This is an updated version compared to last Aminet upload.
* The fastsin and fastcos functions speed as been improved.
* Time of table-initialization has been almost halved.
* The cycle timing has been corrected.
* I beg your pardon, but... the polynoms are of degree 2 and not 3 as stated in
the last version.
*** History ***
When I was programming my first version of Digital Almanac (Aminet:misc/sci),
I saw, that using trigonometric functions take a long time to calculate.
So I thought that there must be a way to be fast but also to be precise.
Using short tables would burst the speed, but wouldnt be precise enough.
Using Taylor series are only fast for values near zero, but would enlengthen
time for values that are closer to 1 or more, but would use no memory.

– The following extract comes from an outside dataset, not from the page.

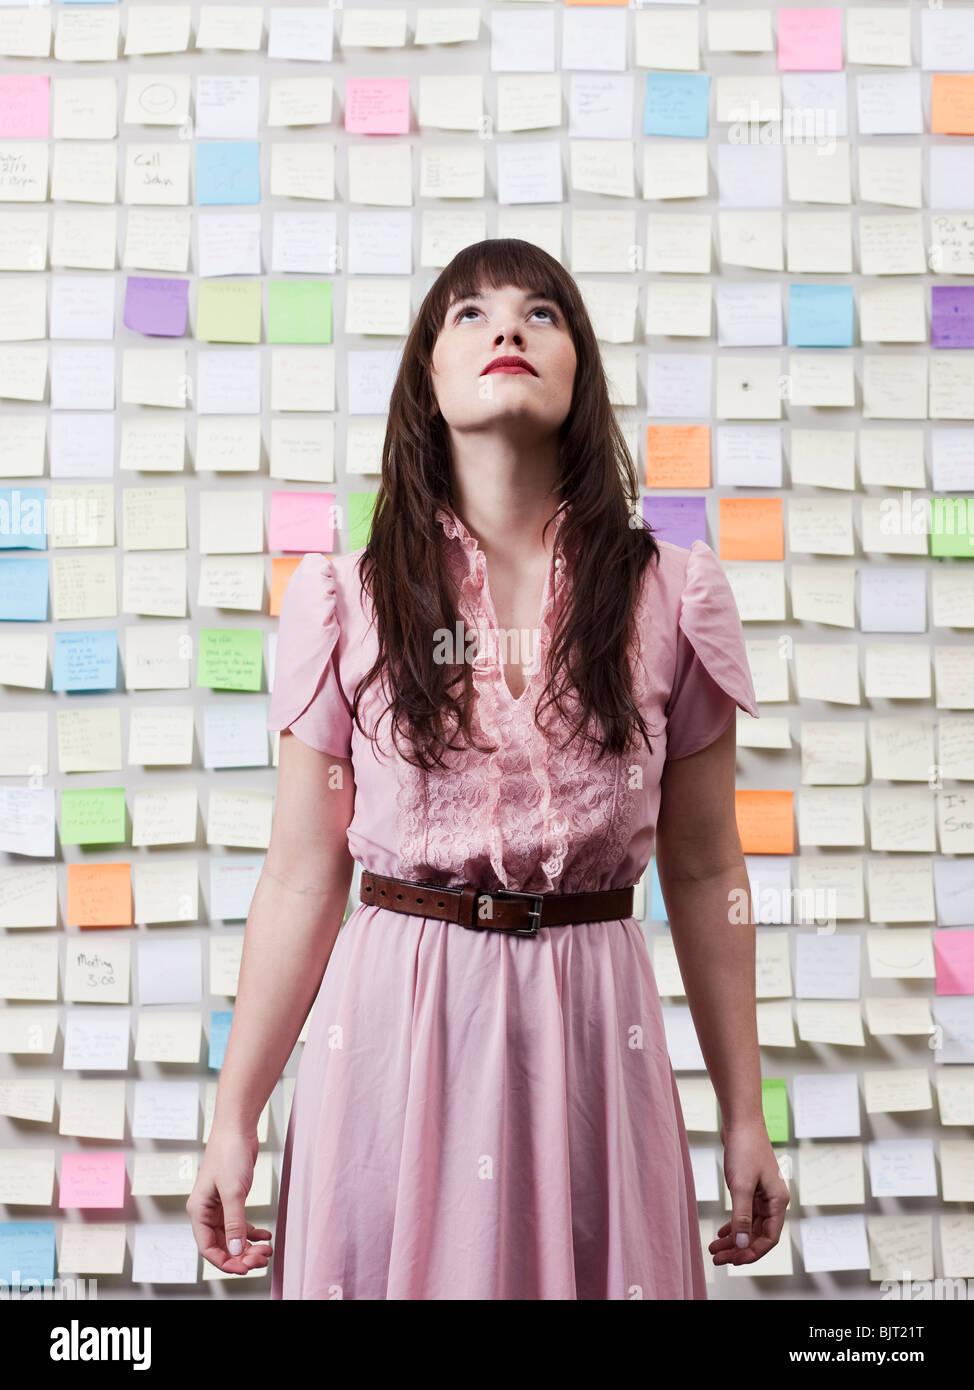 Portrait de femme dans la salle avec des murs couverts de notes adhésives Photo Stock

As today everybody has enough RAM in his/hers Amiga, memory consuption is no
more a problem. So I decided to write these functions and make them public.
*** Copyright ***
There is no copyright on my idea. Use them as you like it, even if you write
a commercial program. I dont care.
If you have any idea, how to improve speed, tell me !!
Any idea is welcome !!
*** Contents ***
This archive contains assembler source codes for PhxAss that shows, how to
program very fast trigonometric functions (sin,cos,asin,acos,atan2) on a
040/060 CPU.
The source contains interfaces for C, C++ and Assembler stubs.
I myself use PhxAss and StormC V3.
*** Background ***
As you know, the 040/060 CPU does not contain those functions. They have to be
emulated by the 680x0.library. This emulation is very time consuming and not
very multi-tasking friendly.
So StormC offers special algorithms to calculate values from those functions
just by using internal FPU commands. To be 100% compatible to FPU, these
functions need to calculate values with an accuracy of 16 digits.
In every-day-purpose a programmer usually does not need that amount of digits.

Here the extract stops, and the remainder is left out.